I think that Australia is too lenient in this regard as I also think that GPO's in a bathroom is asking for trouble. 
To counter my own belief, my sister once asked me to install an extra GPO in her bathroom. I told her that it couldn't be done according to the regulations (no easily available area outside of the hazardous zone).
To my complete shock, I found her using her hairdryer whilst she was still wet & standing on a wet floor (she'd just gotten out of the shower). The problem was that she had used an extension lead to supply the hairdryer, which was draped all over the wet floor. 
How did I fix this? 
I told her a few simple truths about how easily electricity can kill you. Thank god she listened to me as now she unplugs other things so that she can use her hairdryer. 
Someone once said, "You can't protect fools". This is true but what should also be added is "...& ignorant people".  
Education should always the first step...not legislation.

----------


## GMC

Those last two replies are appreciated 
Thank you

----------


## piscean

we have a power point in the bathroom but it's only used to keep an electric toothbrush charged up so it's really handy for things like that, but just thought I'd add something about hairdryers in bathrooms. I know some one who recently got out of a bath, didnt empty it and then started drying her hair. She stepped backwards and tripped into the bath while she was still holding the dryer but she was lucky because they'd just moved into a new house that was fitted with a safety/earth leakage? switch and it shut the power off very quickly so she was ok, but hairdryers and bathrooms are such a bad mix

----------


## woosydiver

> A little more specifically, the GPO (power point) must be outside of; 
> the vertical plane 0.15 m from the internal rim of the water container and the floor, and the horizontal plane 0.4 m above the water container.
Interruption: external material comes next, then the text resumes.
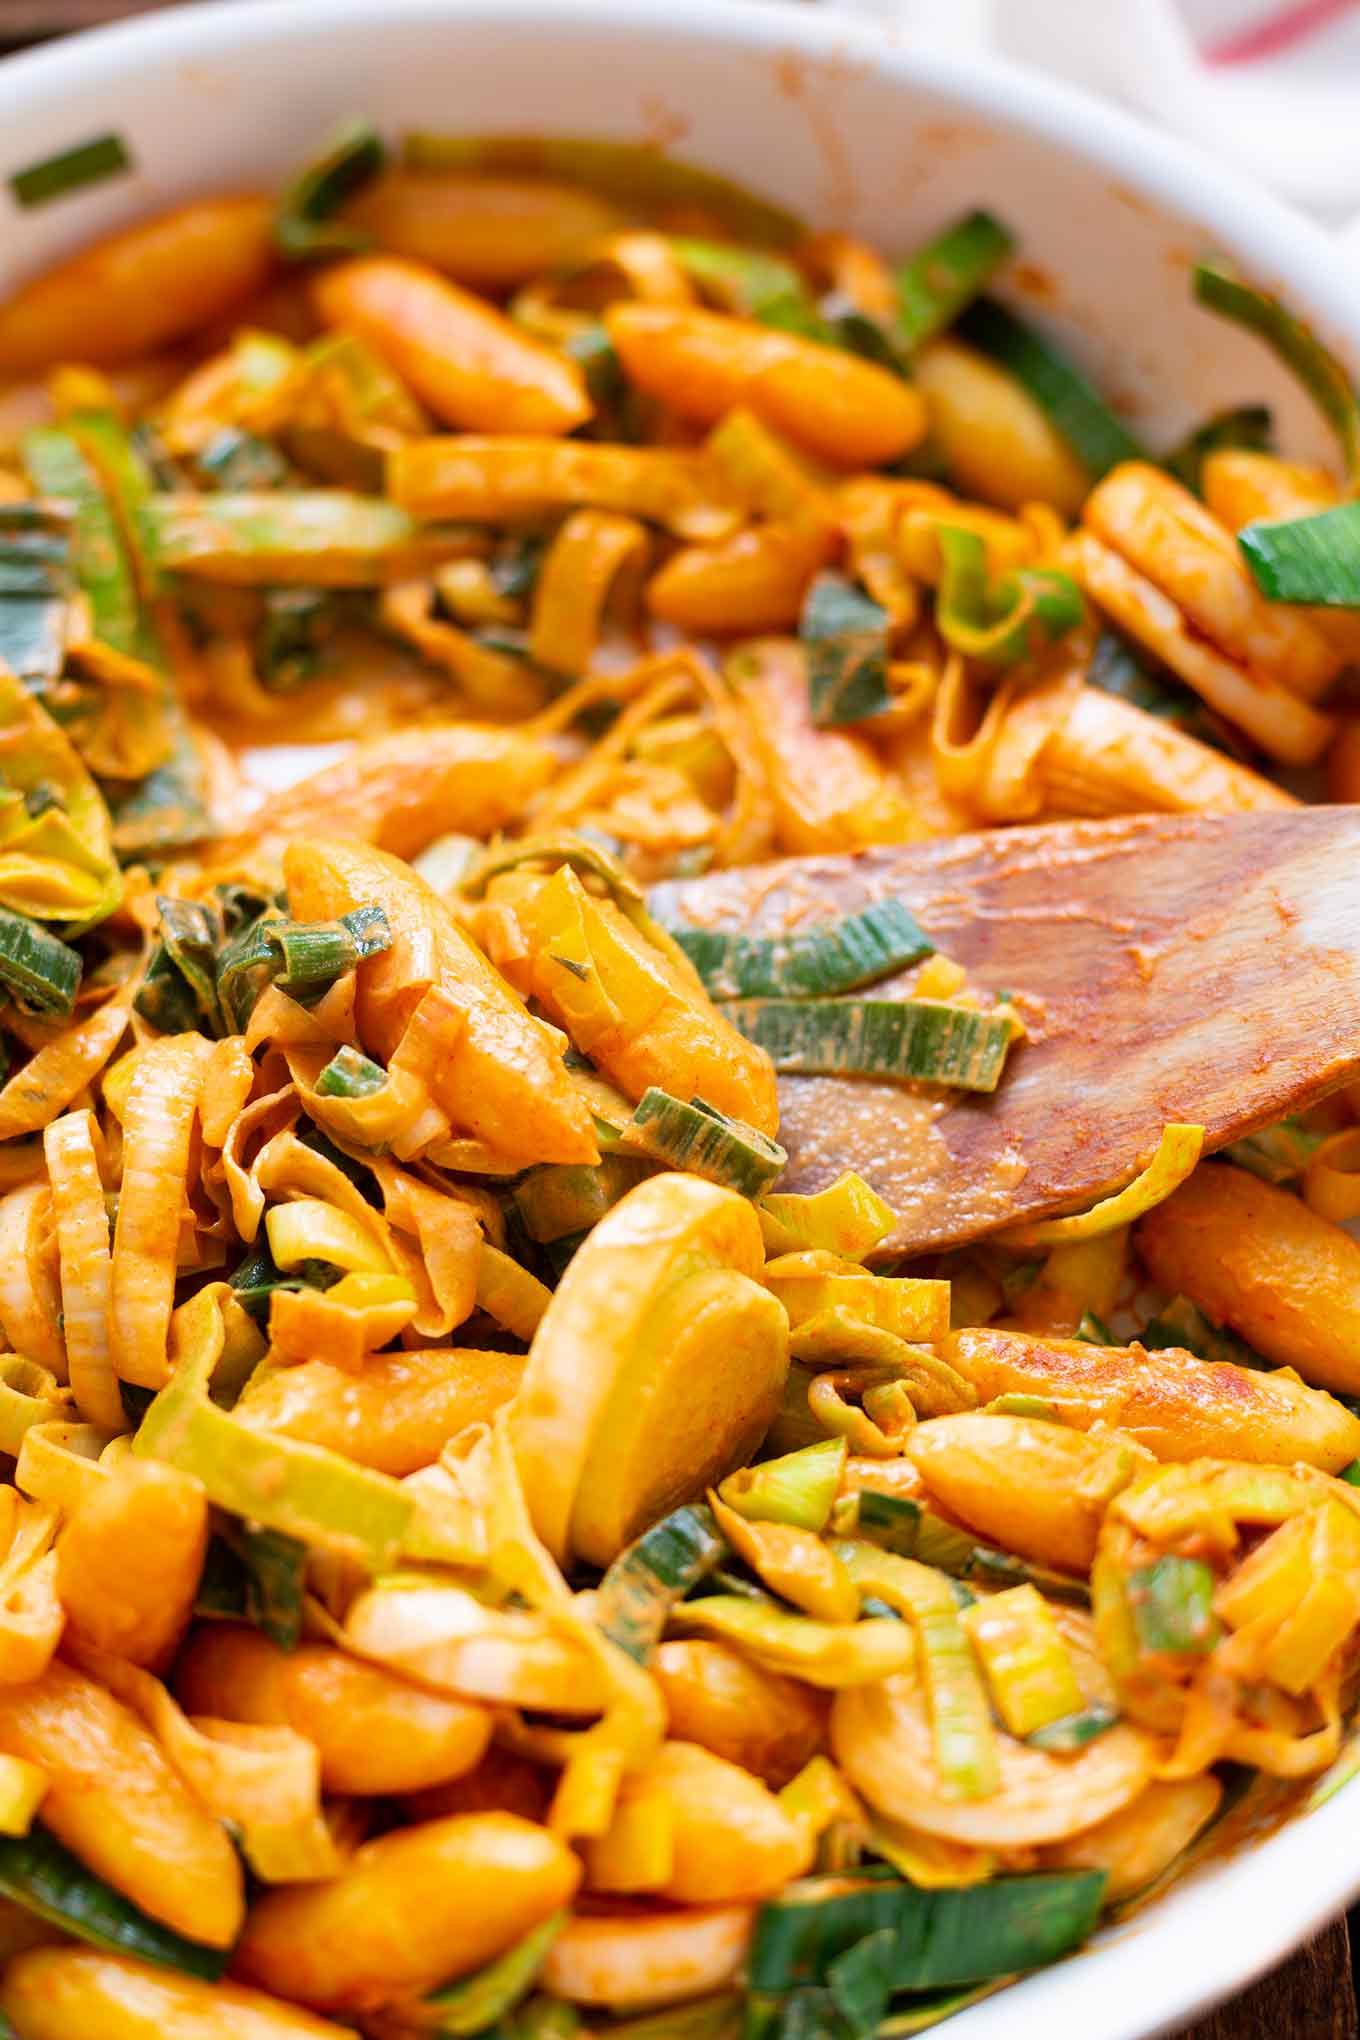 Lauch-Schupfnudel-Pfanne - Kochkarussell Foodblog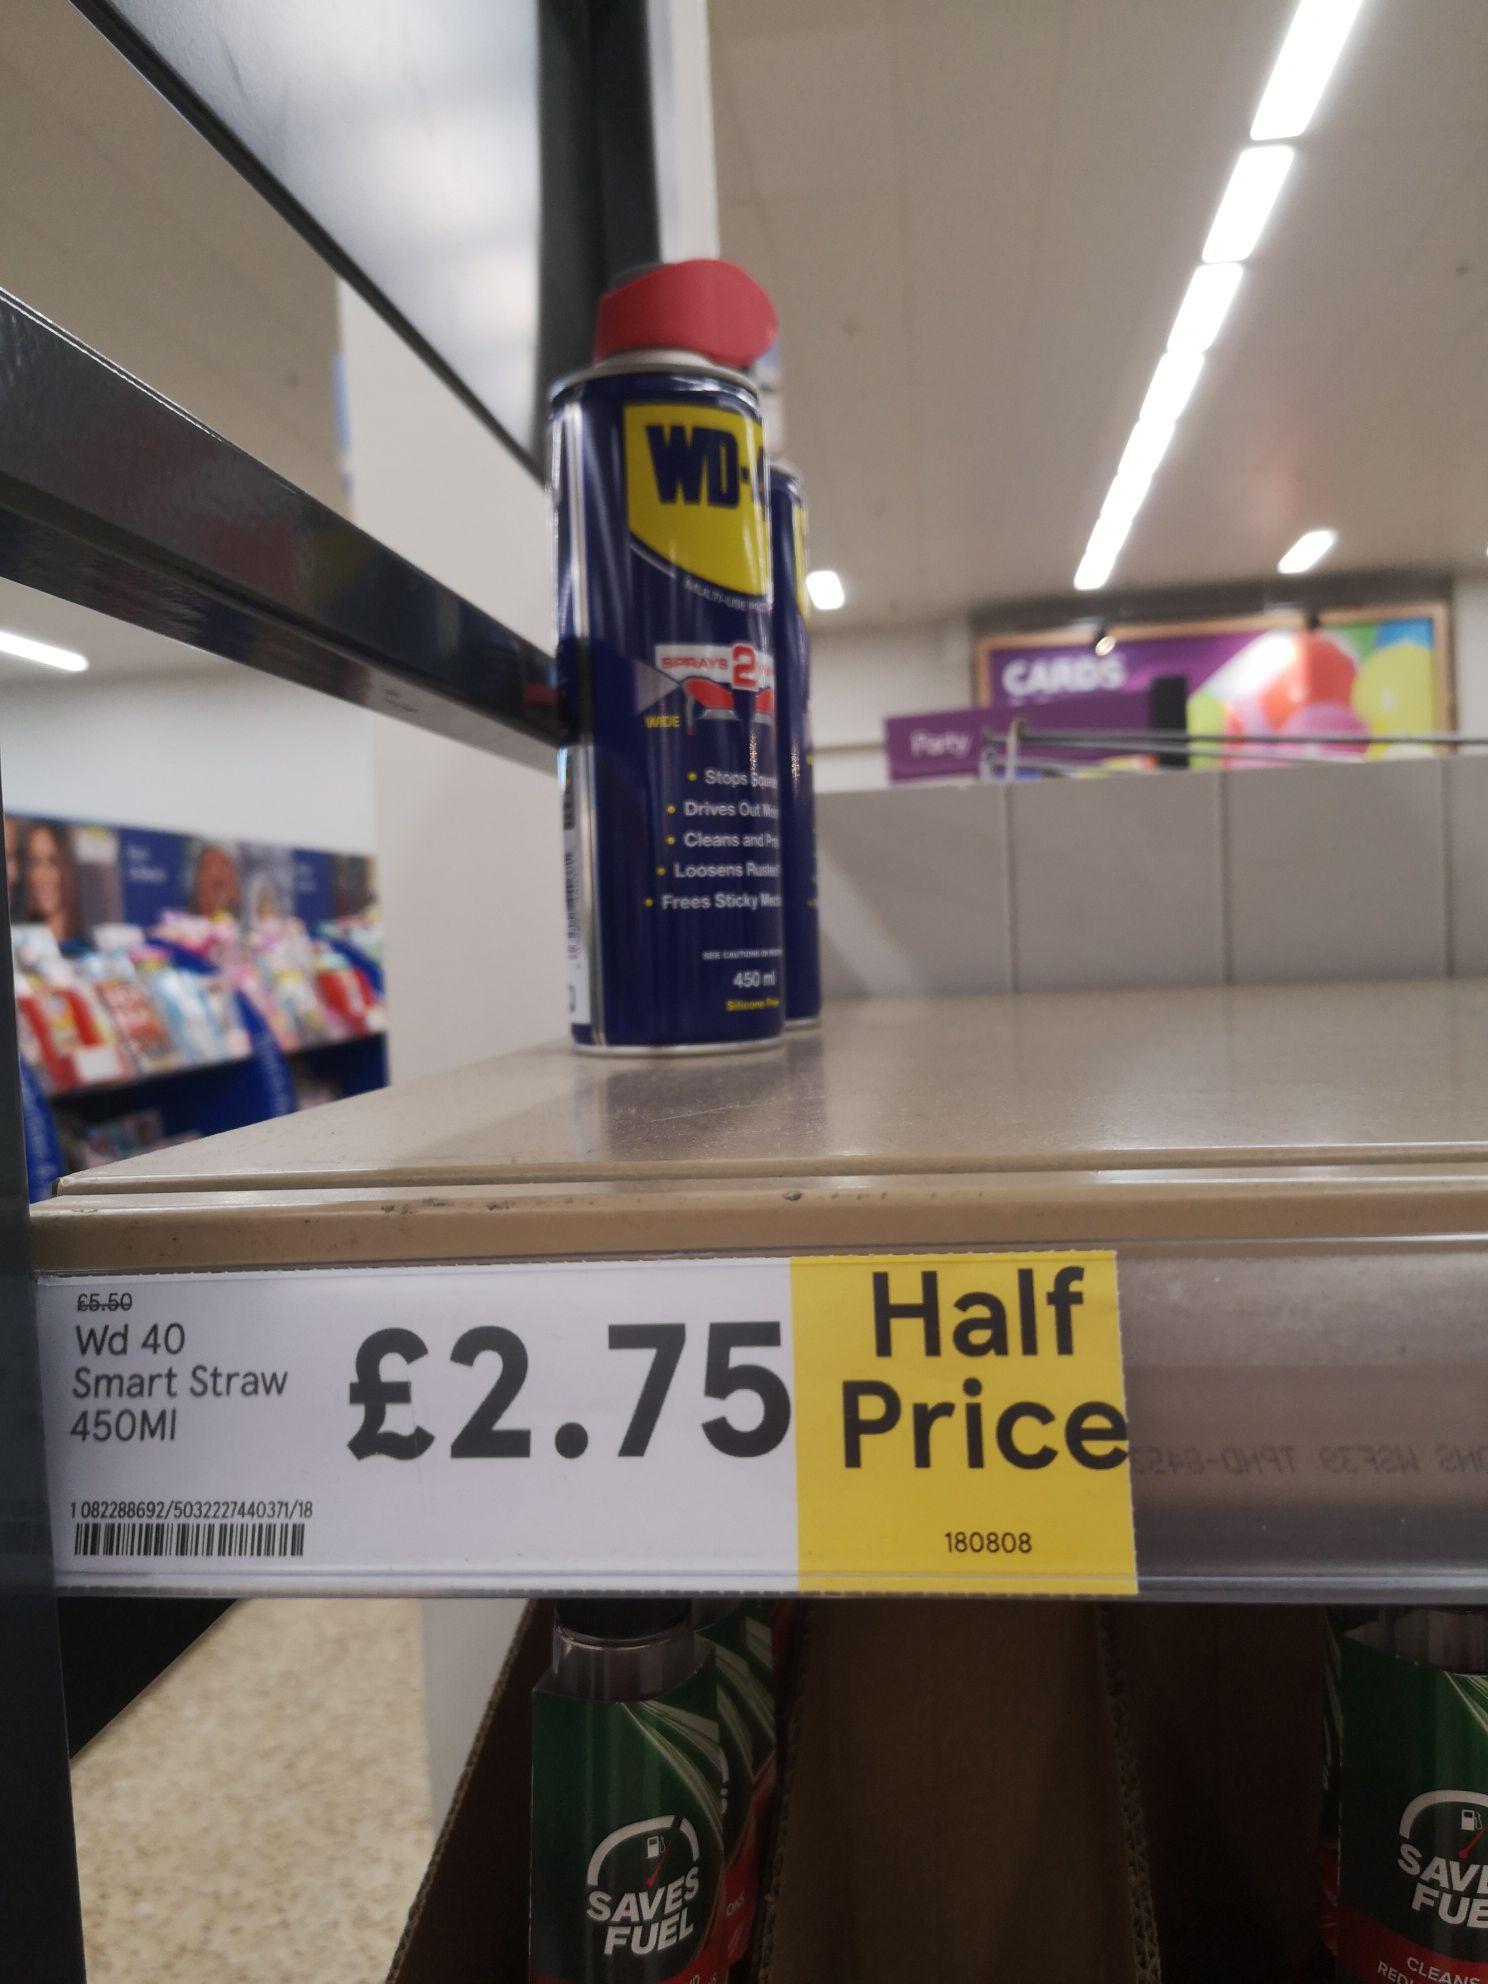 Wd40 spray 450ml - £2.75 instore @ Tesco

  I was going to ask this question as I am currently designing changes to my kitchen. 
The previous reply used the term "400mm above OR 150mm horizontally" yet you use the term "0.4m above AND 0.15m horizontal". The words OR/AND mean quite different things in this context, can you clarify? 
I mean, I would like GPO's to the side of my sink, 150mm to the side is fine, but to have them 400mm above AND 150mm would be difficult. 
If "AND" is correct then I don't think I have ever seen a kitchen with GPO's as high as 400mm above the work surface [which would be in line with the top of the sink], this would put them half way into wall units in most kitchens. 
Thanks. 
Steve

----------


## Master Splinter

Pages 35-47 (yes, there's 12 pages of dos and don'ts in wet areas) in the 'domestic wiring' document linked in my sig.

----------


## Bloss

Don't panic, use some common sense (and the regs)  - get your electrician to install an RCD on all circuits - especially bathroom - risk reduced to close to zero .  .  . and she'll know where the GPO can go too . . .  :Smilie:

----------


## TheEngy

Out of interest, where do they install RCD's in wet areas?  Do they do them in the room somewhere (like in the vanity) or back at the circuit board? 
Also what is the point of the 150/450 distance?  If you have a hairdryer plugged in it will still reach the water.  
Lastly one more quest, what happens with round bowls, is the 150mm measured from the edge of the bowl to the wall (as opposed to the outmost tangent)

----------


## China

RCD's are installed in your Meter box / circuit board / meter box
The 150/450 is to help prevent splashes on yhe GPO.
As for your last question don't know a sparky will have to answer.
As for having a GPO in the bathroom how many people are killed because they had GPO in the bathroom---- None they were killed because they did some stupid

----------


## TheEngy

> RCD's are installed in your Meter box / circuit board / meter box

  Hmm yeah I thought so, I do have one in mine, I assume that covers the whole house.

----------


## murray44

> Hmm yeah I thought so, I do have one in mine, I assume that covers the whole house.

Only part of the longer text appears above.